The first event, as told by Lord Kale Harlansson of Gotland to the editor in the spring of 1988:

"It was a little bit of everything because it was the first event. One of the things that was neat about it, and I really think we should try to get back to this, is that everyone did some work. You should read the notes from meetings preceding that and the actual chronicles of the 20 or 25 people who attended - that was a big event in those days. Everyone had either helped to make the costumes or helped to do the cooking or was doing the serving or was part of the entertainment or was part of the cleanup."

Tabitha of Wyndmoor, the first SCA member from Wellesley College, and Patri visiting his girlfriend, as remembered by Laura Hawkwood at the Felding/Auntie Get-Together, October 16, 1988:

"This lady {Laura is holding a photo} is Tabitha of Wyndmoor, and she is one of the five original founders of Carolingia. She was Carolingia's first herald, and in a sense she was the first Felding*. She is also the person who got me into all of this. I came wandering out of the TV room at Claflin having just seen the last episode of 'The Six Wives of Henry VIII' and overheard her talking about the SCA to another girl and thought, 'Gee, this is a fun, romantic, escapist thing to do.'

"Tabitha was also the first fighter from Felding. She thought she'd give it a try, and she made her armor out of shredded foam in plastic bags. She thought that would be very absorbent. And it was - it absorbed all of two or three blows before the bag broke and Severance Green was covered with shredded foam. Baron John insisted that nobody was leaving until they picked up the whole mess."

[Comment from Lord Tibor of Rock Valley: "They beat the stuffing out of her, did they?"]

[* The name Felding was not applied to the Wellesley SCA until the borough was formally organized in 1977.]
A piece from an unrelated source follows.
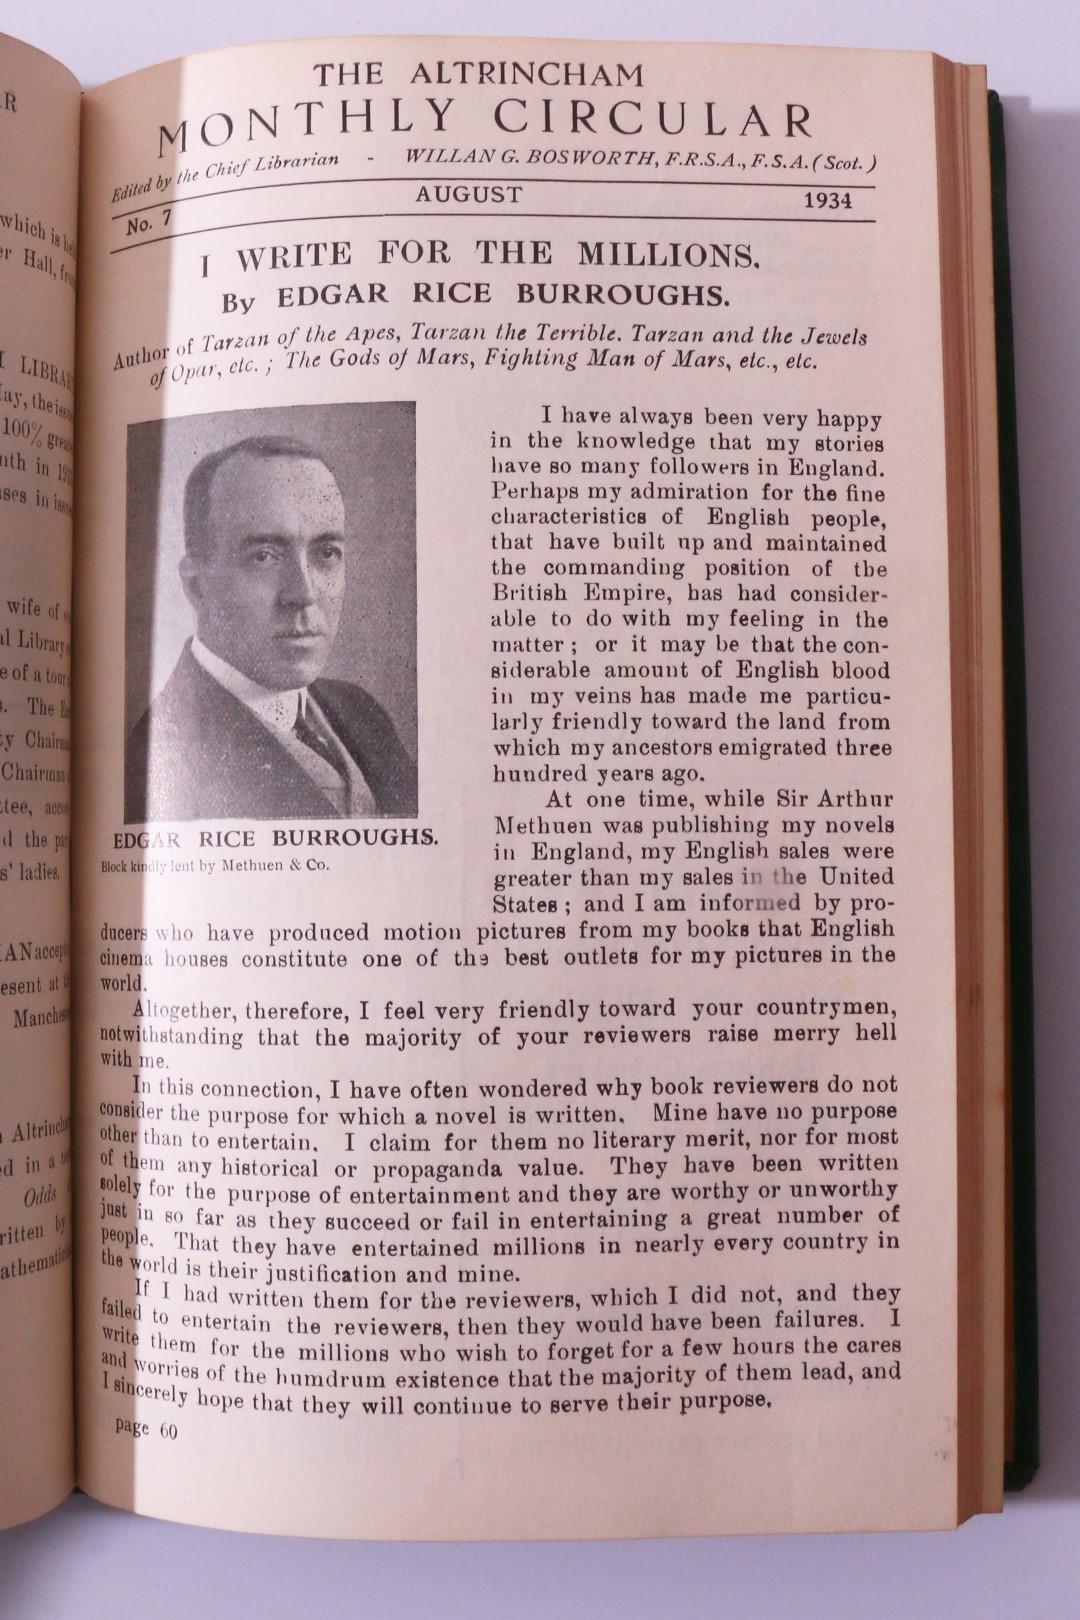 Various [inc. Edgar Rice Burroughs] - The Altrincham Monthly Circular: Volume One - No Publisher, 1934, First Edition.

"The story I heard from her of the Patri-Leaping-Through- The-Window story: Tabitha and her roommate lived in a suite that is at the front of Claflin; that suite is at ground level, but the suite next to it, which is also two rooms, is two floors up from the courtyard, and there is a balcony that joins the back rooms of the two suites. The front two rooms, of course, open up onto the hallway.

"Tabitha occupied the inner room. Her roommate was out of town, so she was sleeping in the outer room that night. In the room that night she heard a sound, went to the window, looked out, and didn't see anybody. All of a sudden she heard the sound again from the window in the inner room. The window flew open and something black came flying in! The black thing was followed by Patri, who bopped into the room after his cloak, which he had thrown in ahead of time - that was the black thing that came through - said, 'Hi, Tabby!', picked up his clothes, went to the balcony, and went out of that window - actually, his foot was on the window sill and he swung around into the adjacent suite's window because that's where the girl he was dating was. He swung out one window and into the other without his foot ever touching the balcony itself and landed in his lady love's suite. She was not too happy to see him [because of the late hour and because] he hadn't told her he was coming."

[Editor's note: Patri confirms this version of the story, although he doesn't remember the young lady not being happy to see him.]